[Source data]

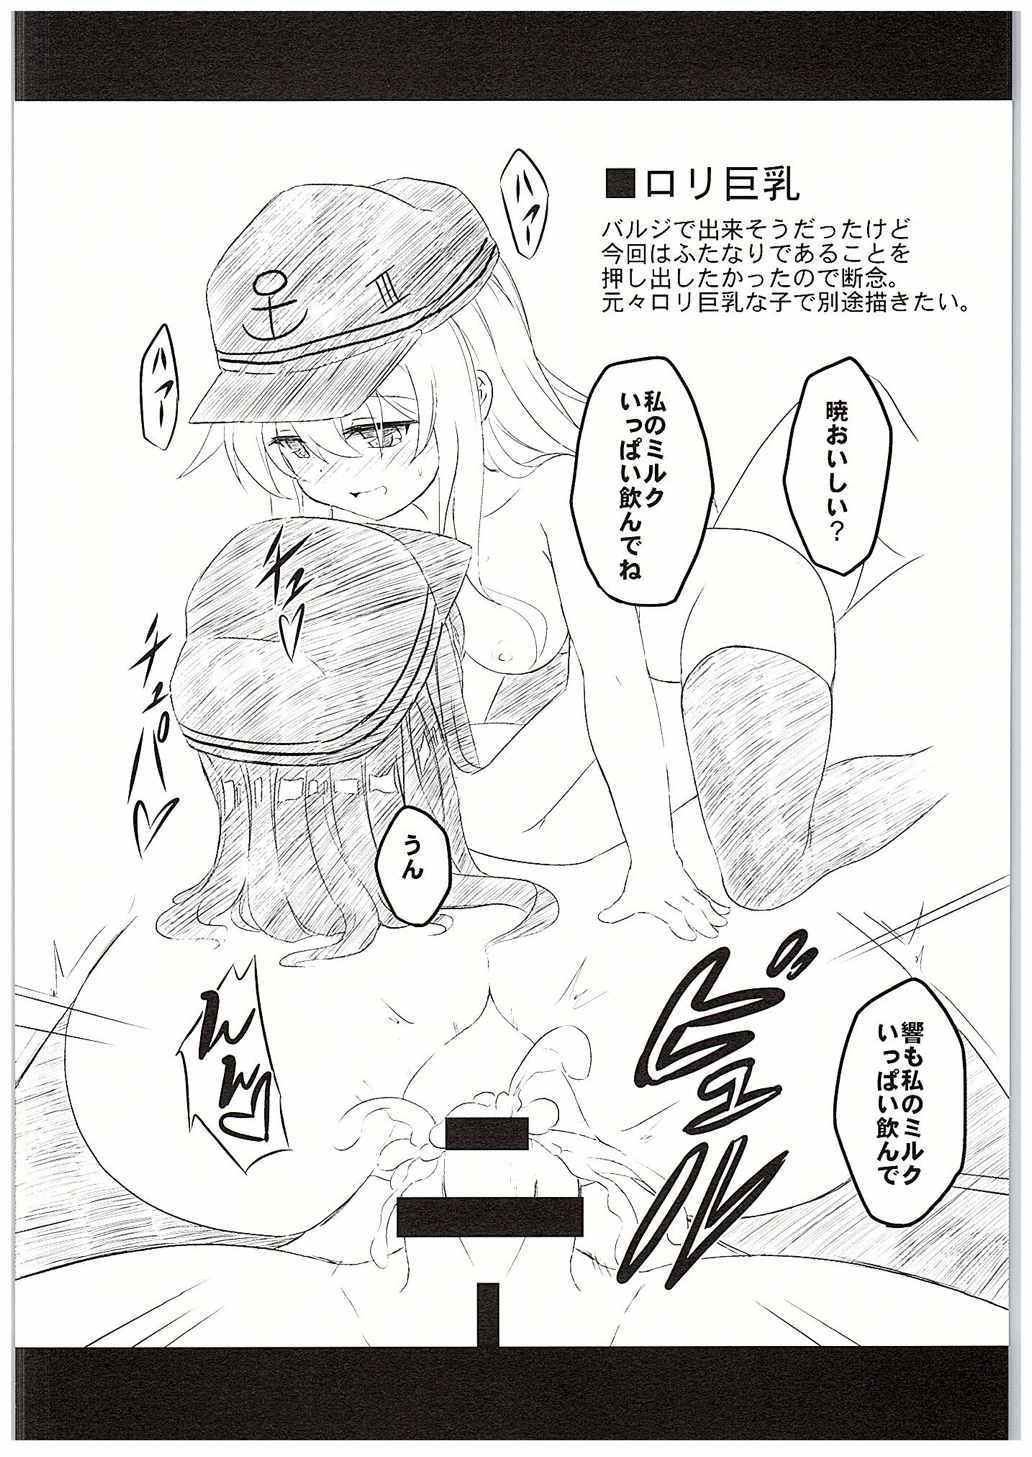 Loli & Futa Vol. 1 26
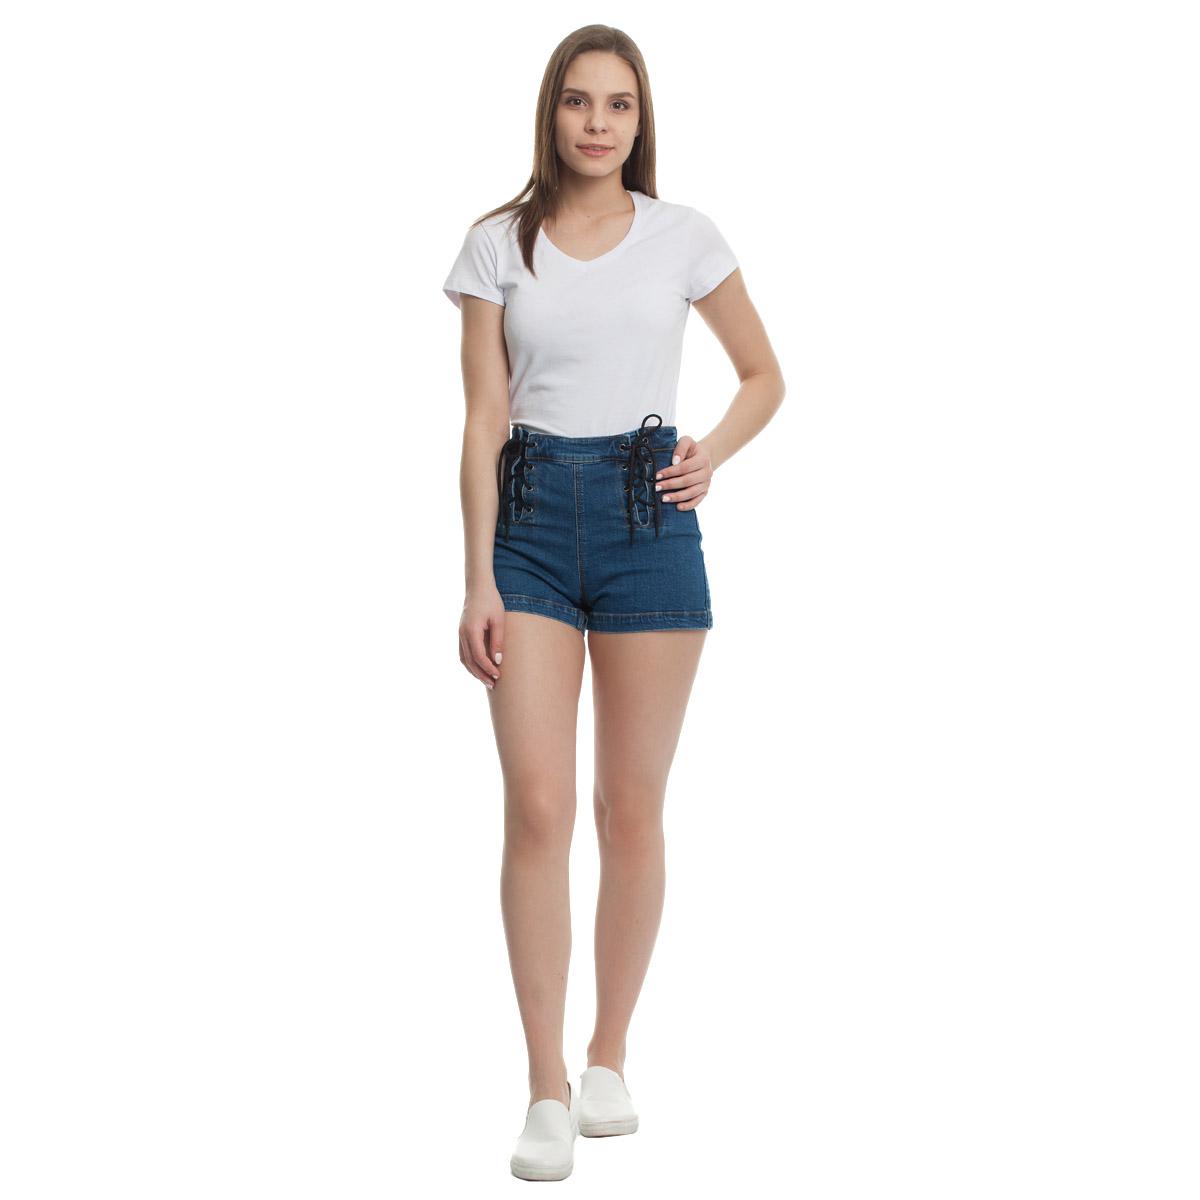 Шорты джинсовые Sevenext, S-75 шорты джинсовые sevenext bd04
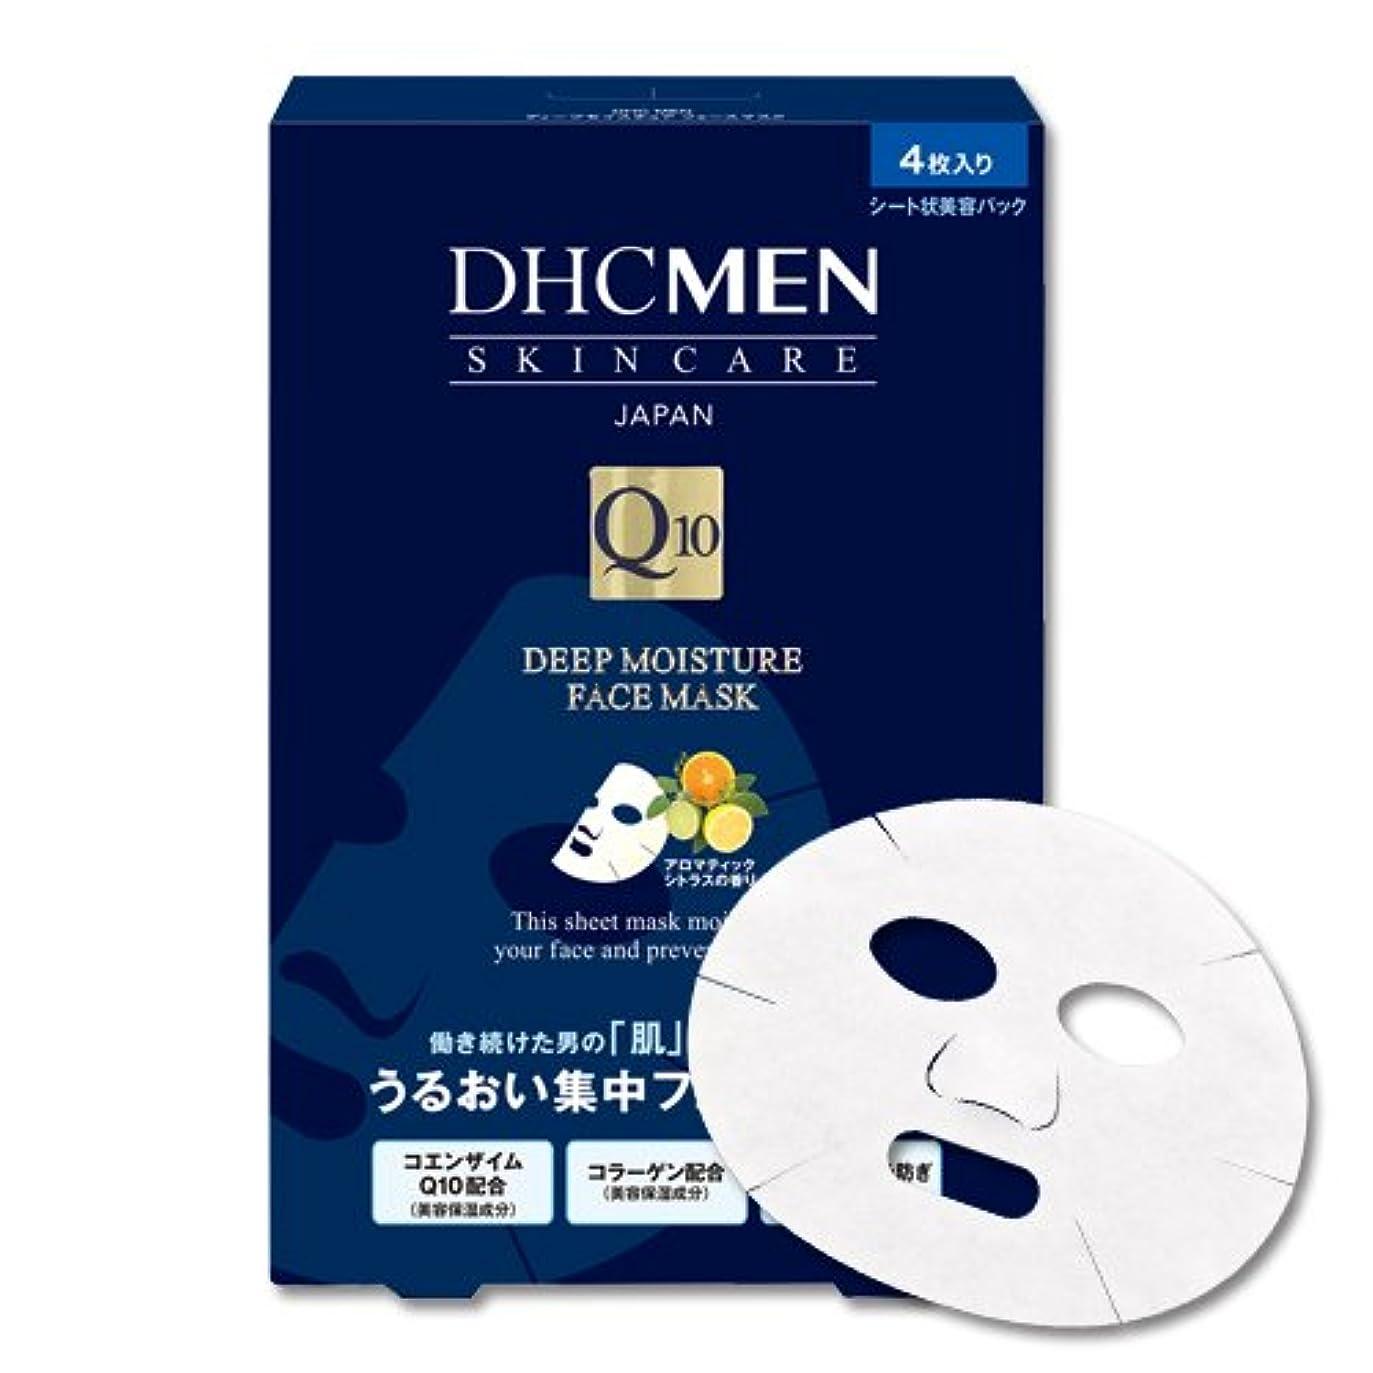 イルダッシュじゃがいもDHC MEN ディープモイスチュア フェースマスク
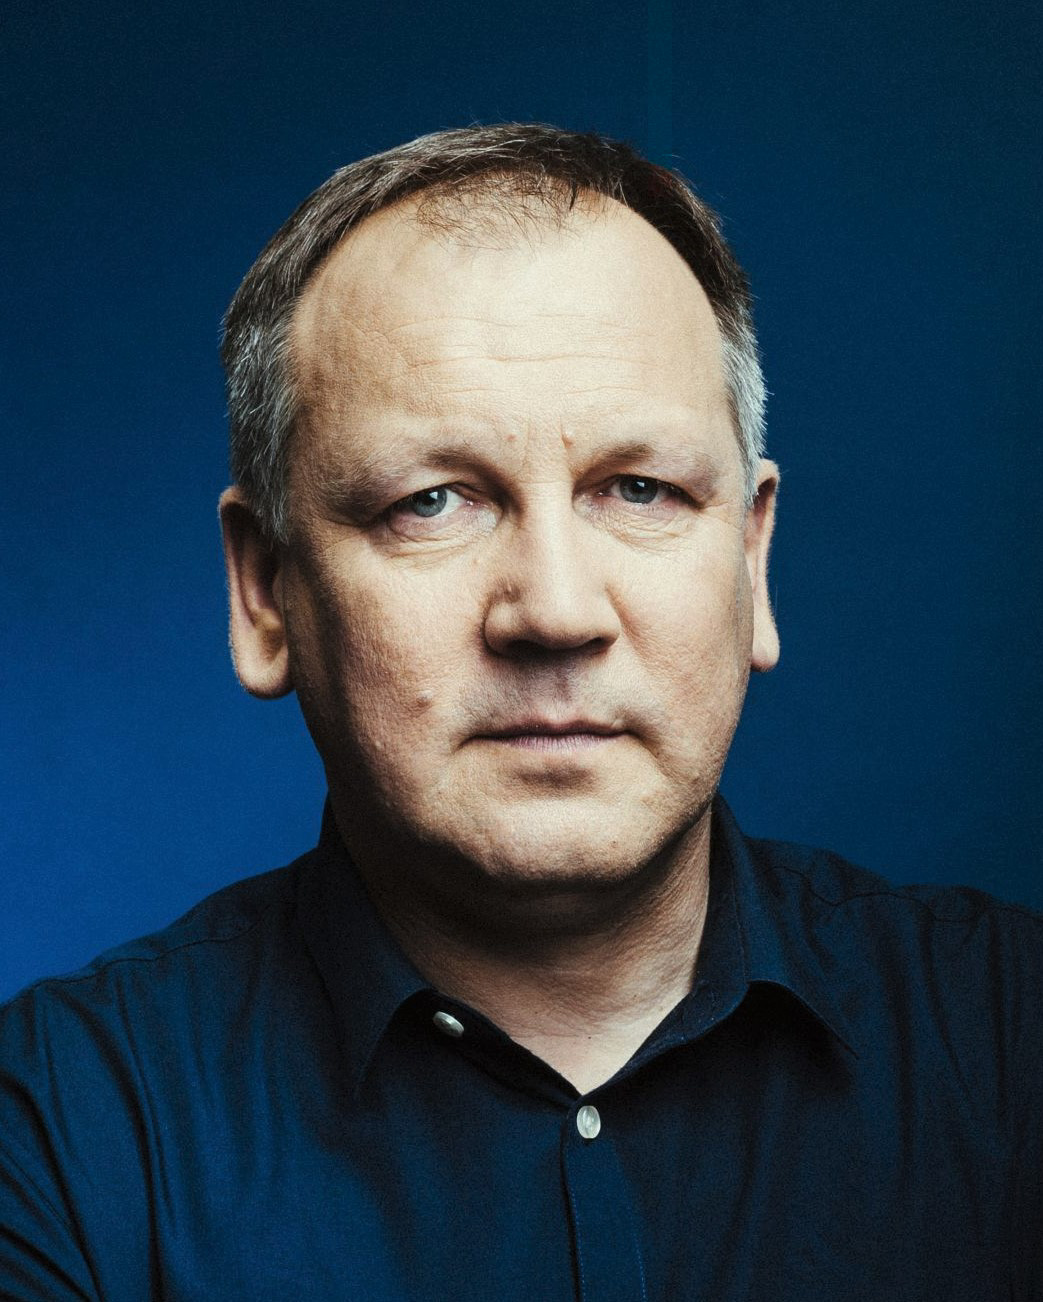 Cezary Łazarewicz

[/Source data]

* **Instructions to follow**: Down to the last line, reproduce the material above exactly; skip its images.

* **Problem solution**:
 Loli & Futa Vol. 1 26
 Шорты джинсовые Sevenext, S-75 шорты джинсовые sevenext bd04
 イルダッシュじゃがいもDHC MEN ディープモイスチュア フェースマスク
 Cezary Łazarewicz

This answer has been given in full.